- **Given data**:

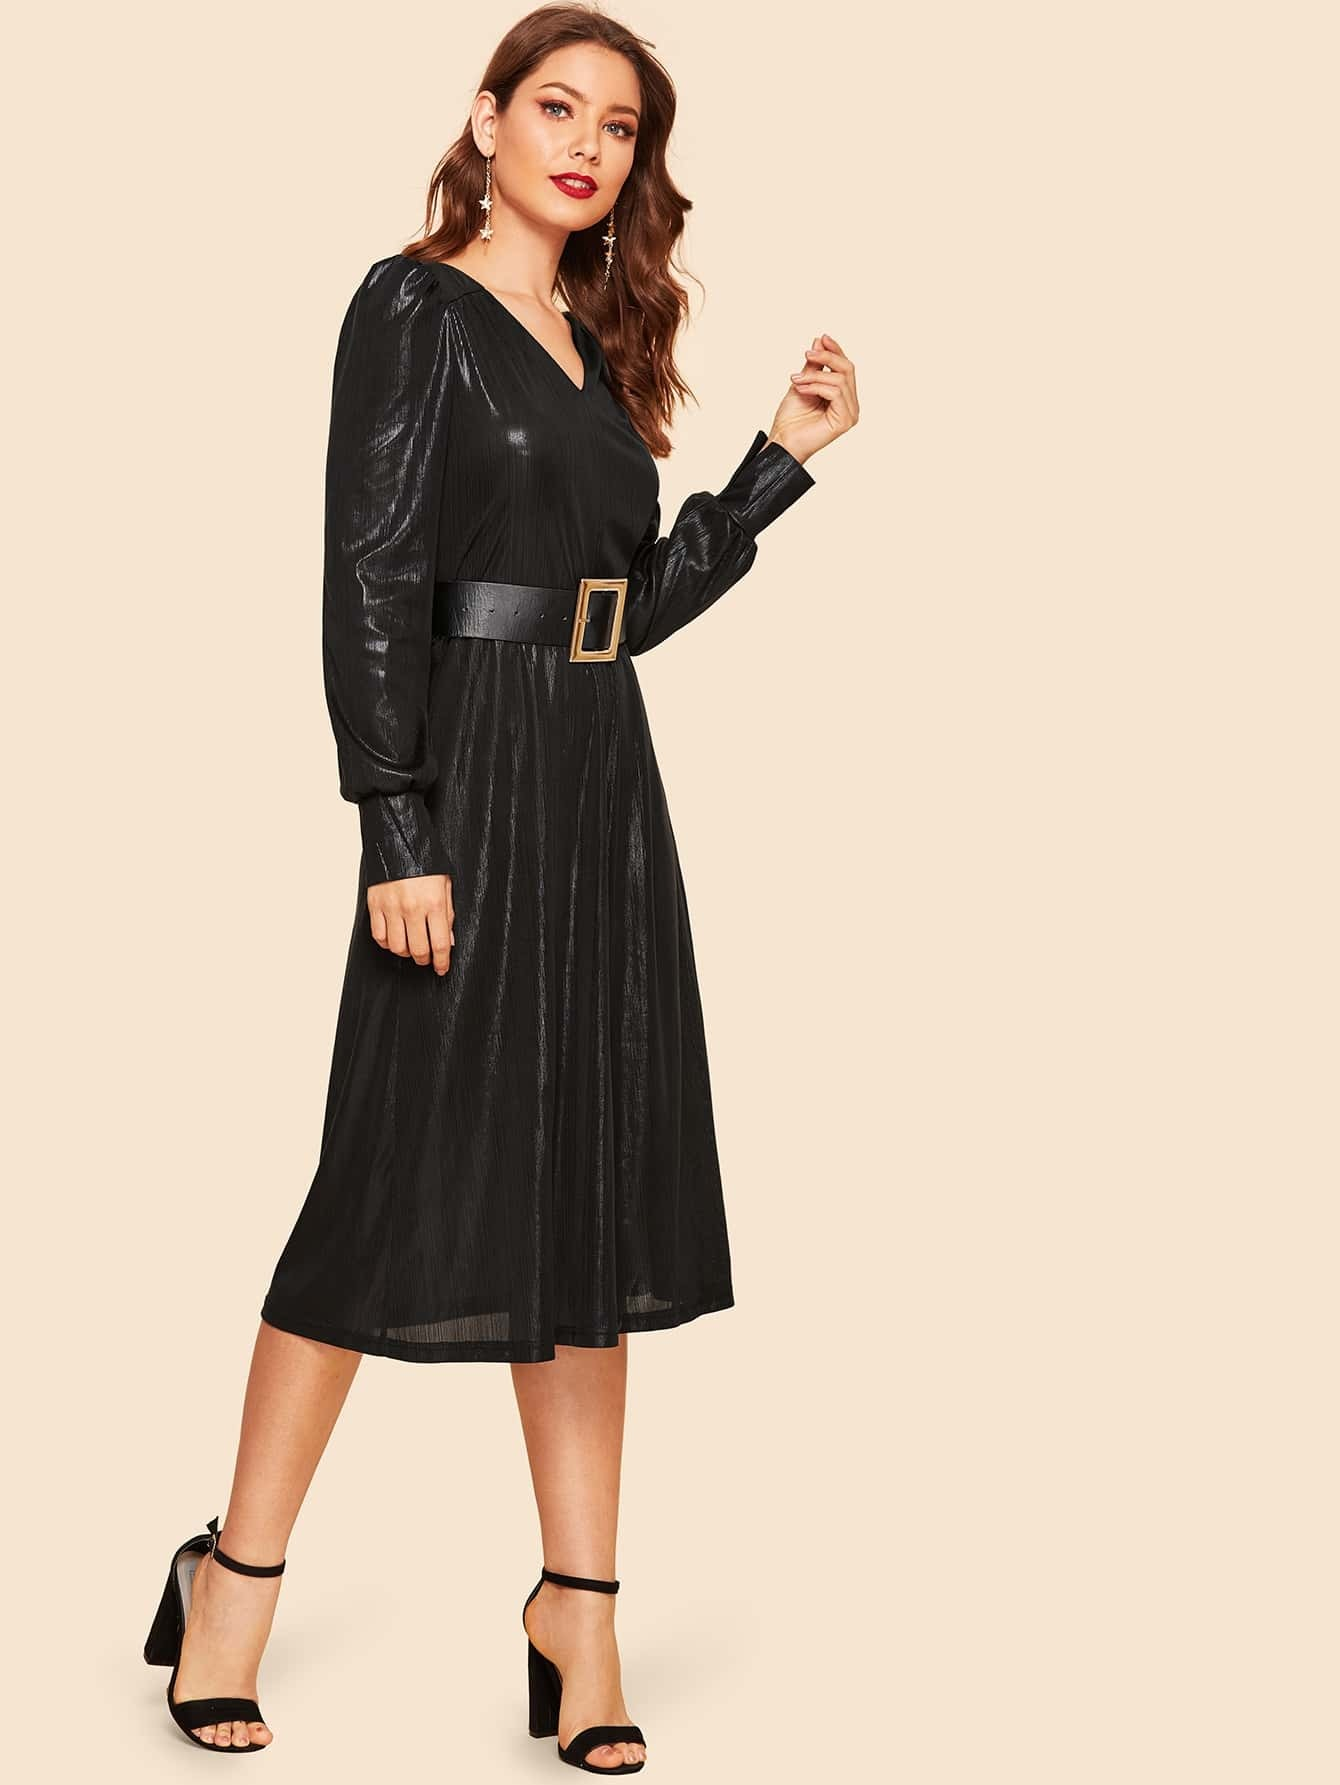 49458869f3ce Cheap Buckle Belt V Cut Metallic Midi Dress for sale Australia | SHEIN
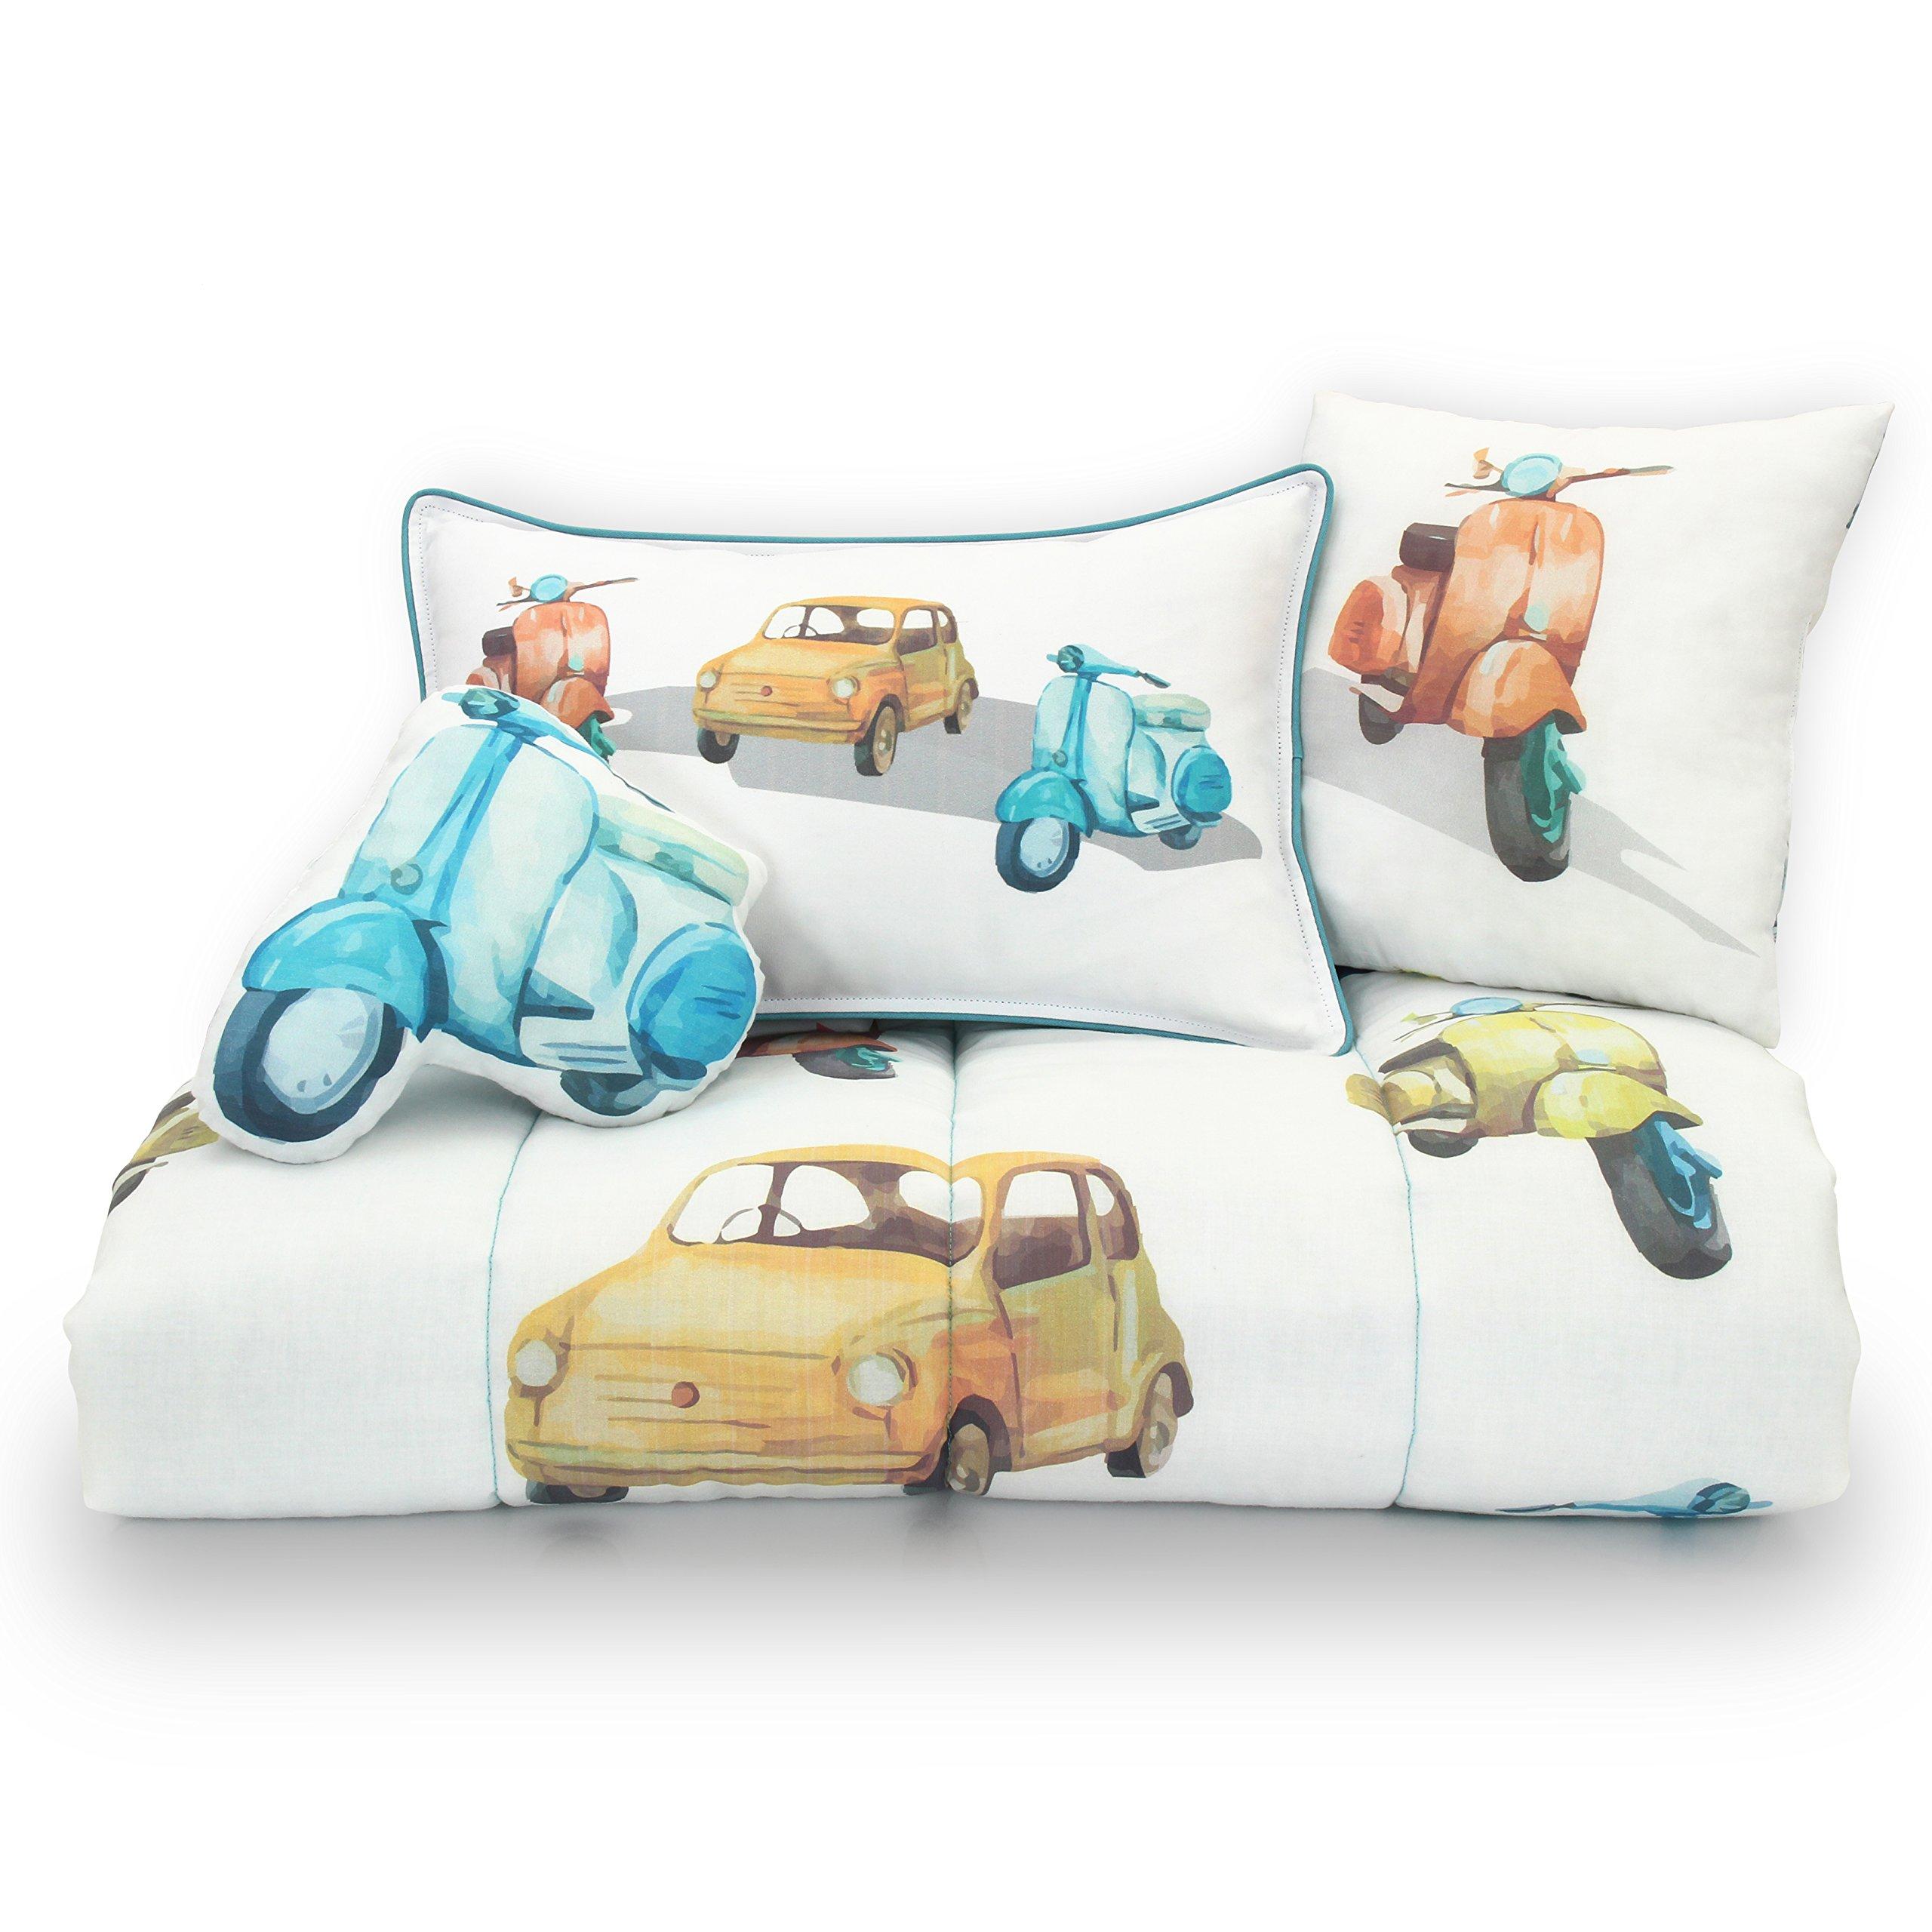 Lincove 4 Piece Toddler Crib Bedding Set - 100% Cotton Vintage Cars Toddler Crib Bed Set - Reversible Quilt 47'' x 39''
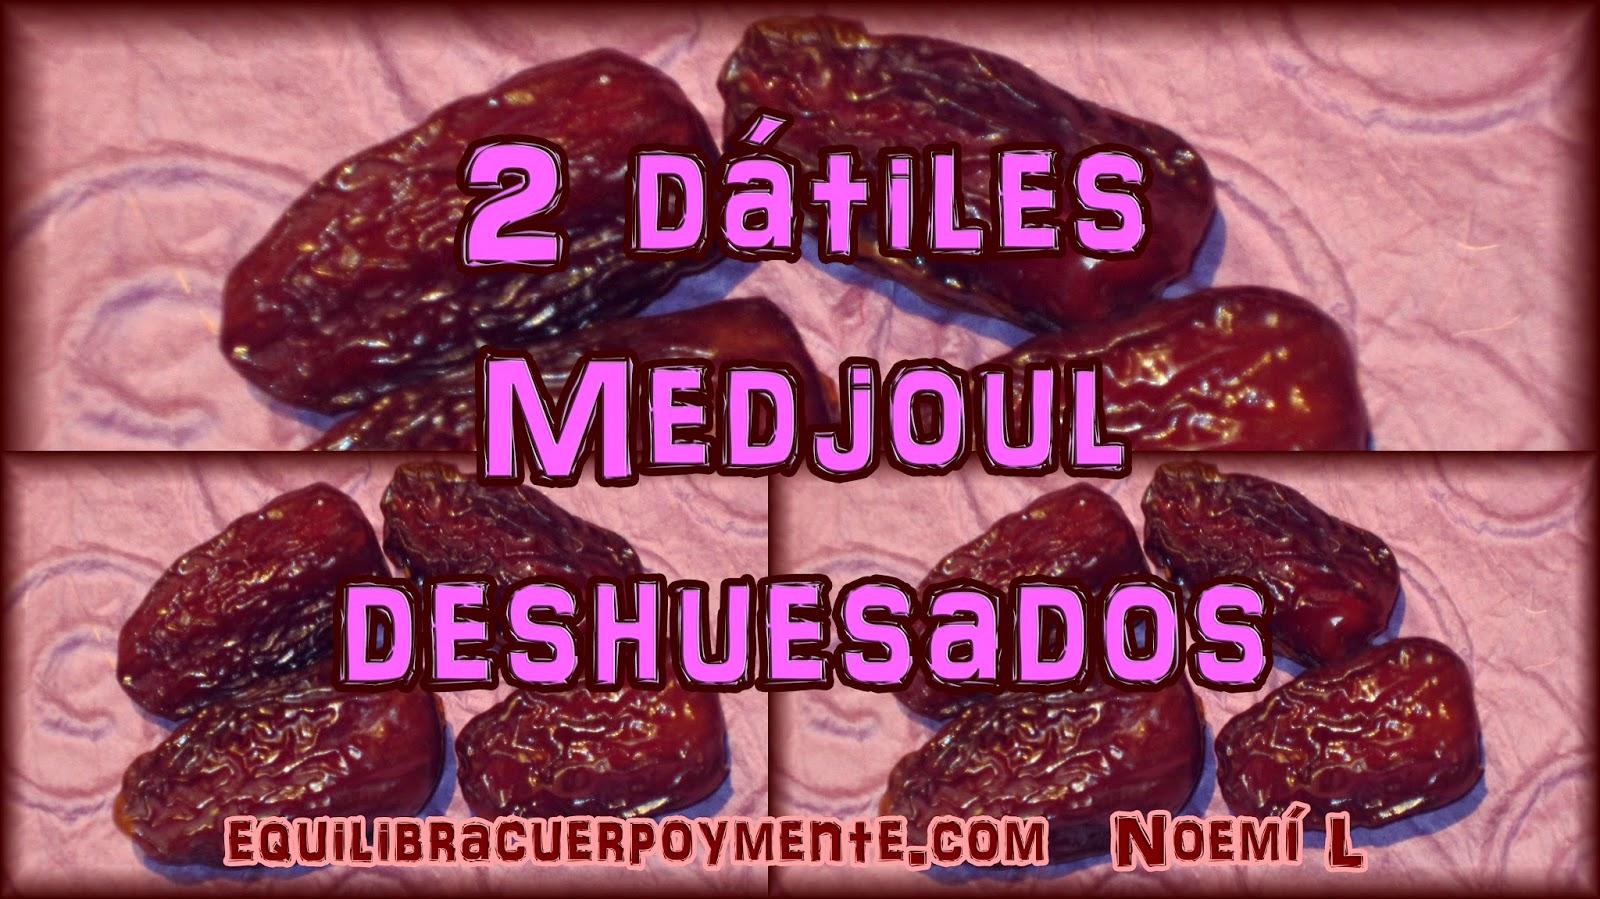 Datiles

- **Exercise prompt**: Omitting the pictures, write out the material above exactly as it stands.

- **Response to the task**:
 49458869f3ce Cheap Buckle Belt V Cut Metallic Midi Dress for sale Australia | SHEIN
 Lincove 4 Piece Toddler Crib Bedding Set - 100% Cotton Vintage Cars Toddler Crib Bed Set - Reversible Quilt 47'' x 39''
 Datiles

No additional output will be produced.